Microsoft Research Introduces ‘Tutel’: A High-Performance MoE Library To Facilitate The Development Of Large-Scale DNN (Deep Neural Network) Models


‘The Mixture of Experts (MoE) architecture is a deep learning model architecture in which the computational cost is proportional to the number of parameters, allowing for simpler scaling’. MoE is currently the only approach that has been demonstrated to scale deep learning models to trillions of parameters, paving the way for models capable of learning even more information and powering computer vision, speech recognition, natural language processing, and machine translation systems, among other applications that can help people and organizations in new ways.

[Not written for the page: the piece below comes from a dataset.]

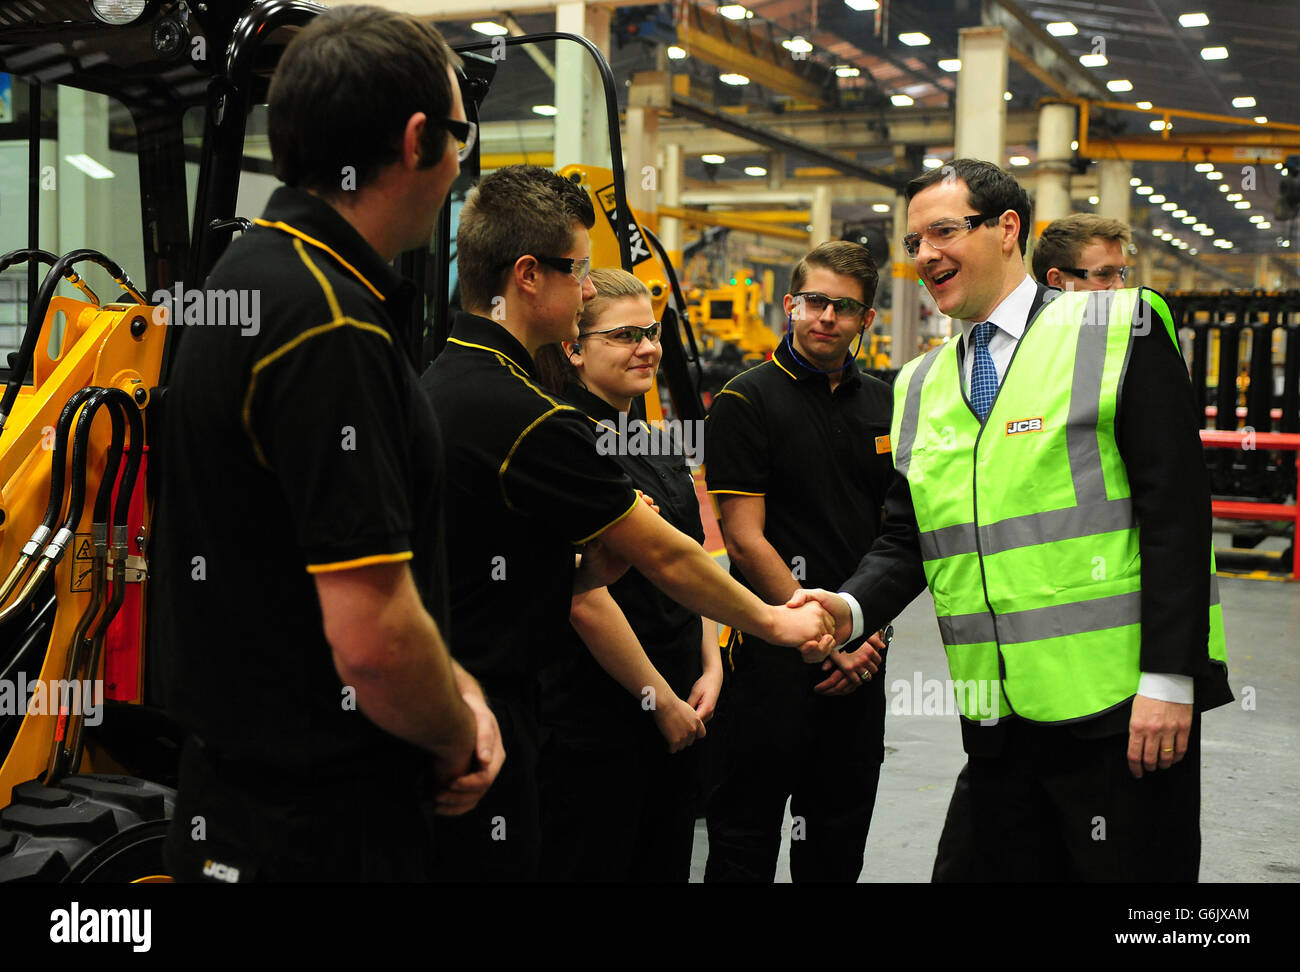 The Chancellor of the Exchequer George Osborne meets apprentices during a visit to JCB's backhoe loader factory in Rocester, Staffordshire. JCB announced today plans to invest £150 million to expand its operations in Staffordshire and create an additional 2.500 jobs by 2018. Stock Photo
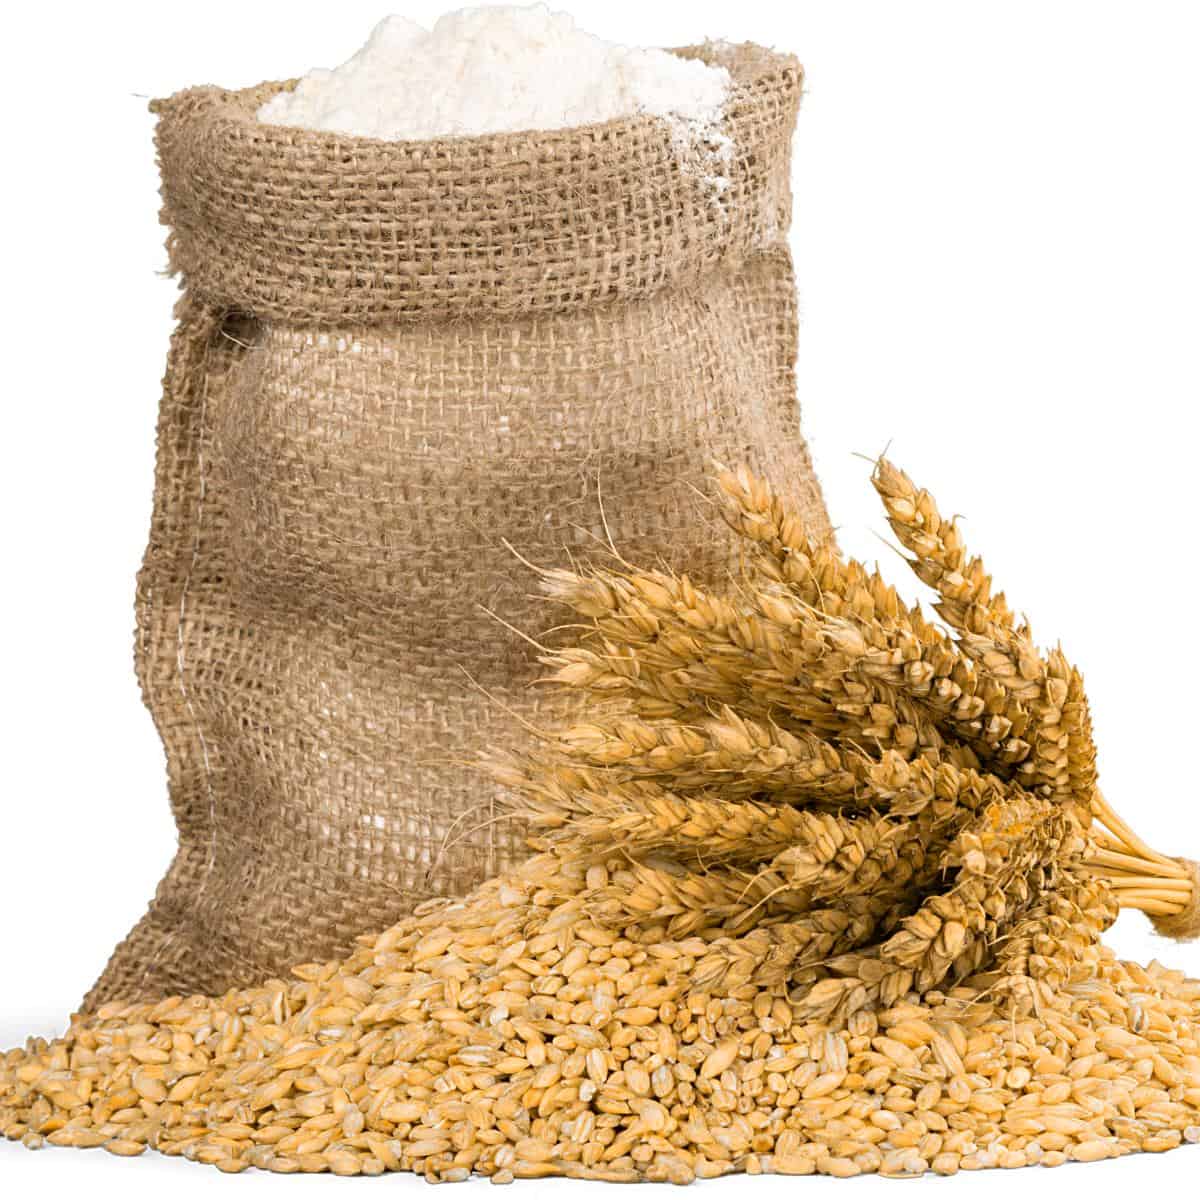 A sack of flour with wheat kernels.

Tutel is a high-performance MoE library developed by Microsoft researchers to aid in the development of large-scale DNN (Deep Neural Network) models; Tutel is highly optimized for the new Azure NDm A100 v4 series, and Tutel’s diverse and flexible MoE algorithmic support allows developers across AI domains to execute MoE more easily and efficiently. Tutel achieves an 8.49x speedup on an NDm A100 v4 node with 8 GPUs and a 2.75x speedup on 64 NDm A100 v4 nodes with 512 A100 GPUs compared to state-of-the-art MoE implementations like Meta’s Facebook AI Research Sequence-to-Sequence Toolkit (fairseq) in PyTorch for a single MoE layer.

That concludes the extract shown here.